Quasi-experimental test of kiR
This study presents a quasi-experimental evaluation of the kiR curriculum. Findings show that when delivered well, the program has a better effect on proximal outcomes and substance use compared to when the program is delivered poorly. When well implemented, the program showed significant reductions in substance use even at the end of 7th grade immediately following curriculum delivery. Upon close examination, findings show that adherence (i.e., meeting curriculum objectives) was significantly related to reduced alcohol use whereas better delivery quality (e.g., higher levels of teacher and student engagement) either significantly or marginally predicted reductions in all types of substance use.
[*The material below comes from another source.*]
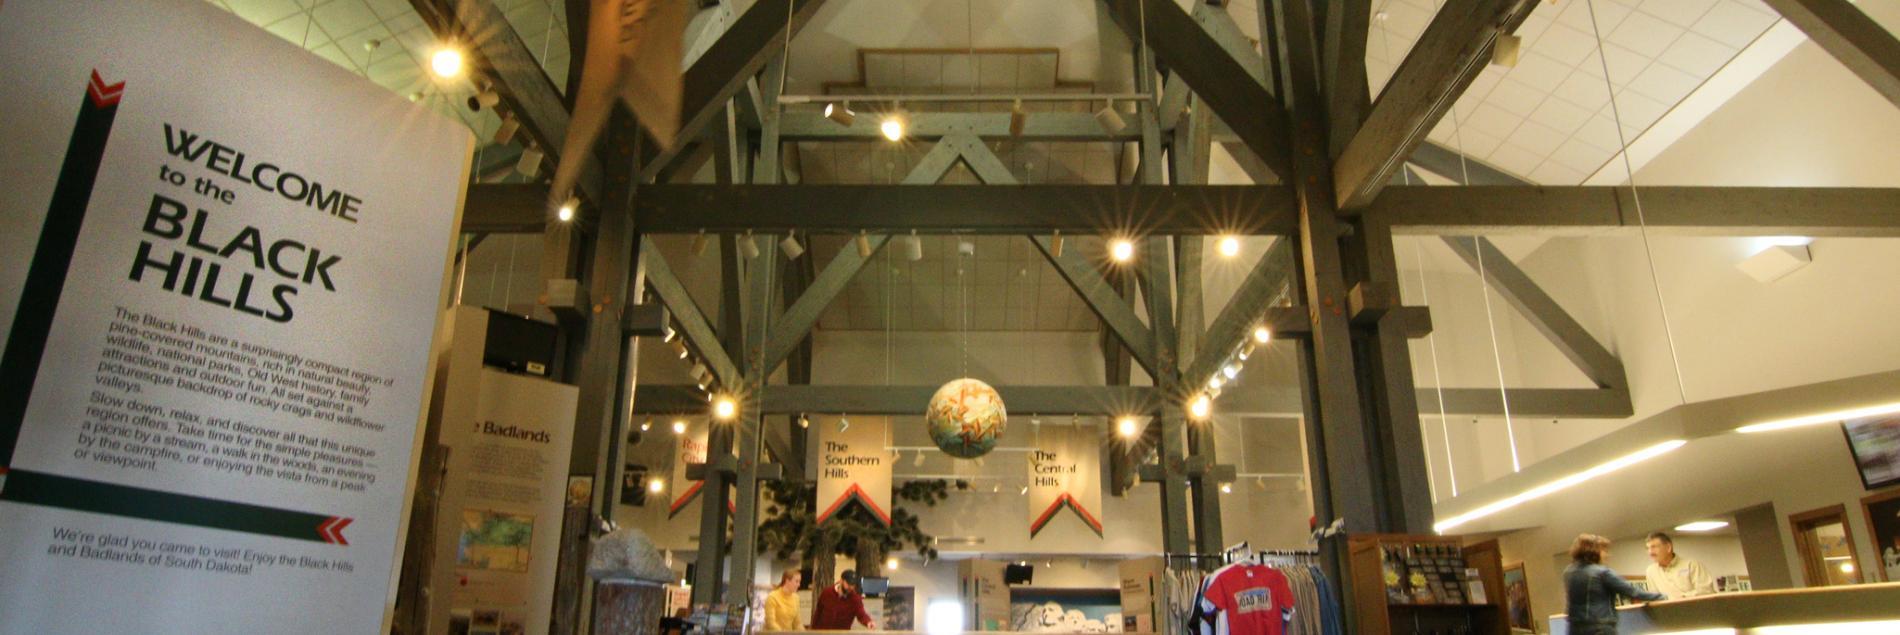 Black Hills Visitor Information Center

This finding underscores the importance of engaging classrooms and aligns with a seminal meta-analysis that showed interactive prevention programs outperformed non-interactive programs (Tobler et al., 2000). Absent engaged classroom behavior (i.e., high delivery quality), high fidelity to the curriculum may only have a limited effect on adolescent substances use. Another study (Low et al., 2013) also demonstrated that engagement with a prevention program trumped adherence in predicting outcomes.
It is possible to interpret these findings as devaluing the importance of prevention curricula and emphasizing individual characteristics of a teacher, however, both are necessary. Without an efficacious curriculum, high implementation quality logically will result in null or negative program outcomes. For example, Sanchez et al. (2007) found that observer reports of adherence, dose, and delivery quality predicted negative outcomes (e.g., anger, alcohol use), which corresponded with overall negative results of the program at a six-month follow-up. Participant responsiveness (measured as peer and teacher support) was the only implementation variable they found to predicted positive outcomes. If a poorly conceived or non-efficacious program is well implemented it will have no effects, or worse, will result in negative effects. Both the program and its implementation are crucial, although engagement with an efficacious curriculum may be more important than mere adherence.
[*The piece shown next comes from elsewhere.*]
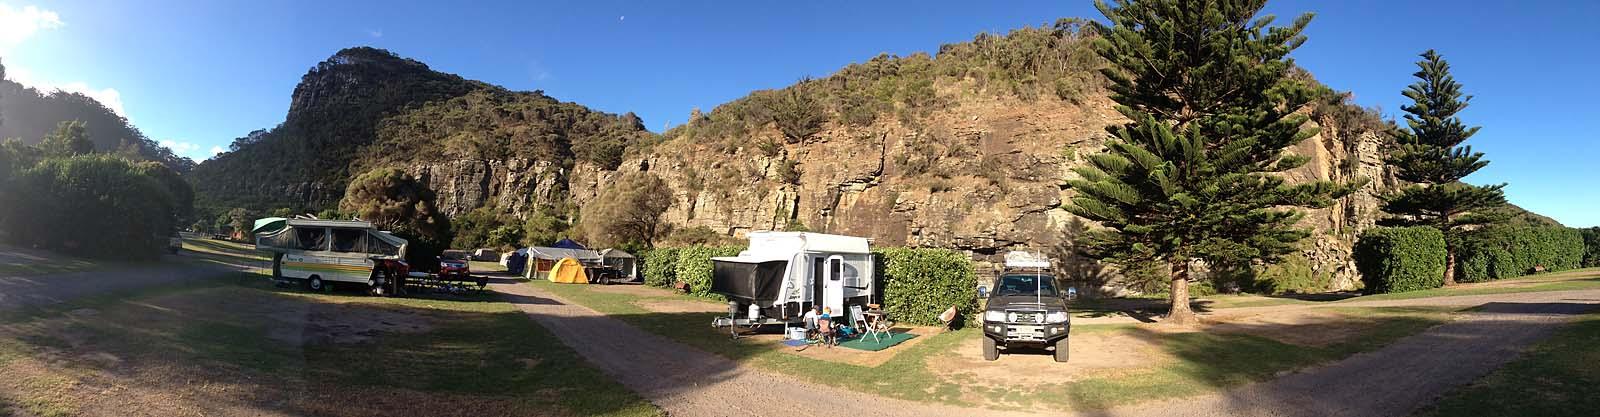 Cumberland River campsite.

Results also demonstrated significant effects on norms, such that a well delivered program resulted in more conservative beliefs about peer use. Delivery and adherence both affected perceptions of peer prevalence but neither affected perceptions of peer acceptability. Thus, although meeting program objectives and delivering the program well provides youth with a more accurate assessment of how much substance use takes place among peers, neither has an impact on whether or not youth see peer use as right or wrong. Since kiR presents substances use as a risk with potentially negative consequences and not as an inherent wrong, it follows that the program would have little effect on this variable. However, it is likely, too, that because the curriculum teaches decision making in light of risks and consequences as well as presenting a positive image of substance-free activities, as youth who receive the curriculum age and gain either personal or vicarious exposure to the consequences of substance use that they will come to see it as unadvised, if not unacceptable.
The study found no effects for efficacy. The program is designed to increase both self and response efficacy as these constructs are associated with decreased substance use (Choi et al., 2013). Counter to expectations, delivery and adherence were not significant predictors of efficacy in the current study. We speculate that an immediate post-test is too soon to find changes in the aggregate of these variables among young adolescents. Developing efficacy may be a slow moving process that requires students gain exposure to situations demanding them to apply (or not) refusal skills (see Bandura & Wood, 1989; Choi et al., 2013). Using a finer grain measure would track these developmental changes. Since this study reports only two waves of data from youth in the 7th grade, it cannot test this hypothesis. Second, since we used an omnibus test to justify decomposition of the variables, we did not look at effects on self and response efficacy separately. It seems reasonable immediately following the program to expect greater effects on self-efficacy (i.e., the ability to use the REAL strategies) with lesser effects on response efficacy (i.e., the effectiveness of the REAL strategies); self-efficacy may be a skill that is learned and practiced in the abstract whereas response efficacy may be a skill that is tested through application to concrete substance offer situations. As youth age and gain exposure to personal and peer use, a well implemented program could show effects on efficacy over a poorly implemented program.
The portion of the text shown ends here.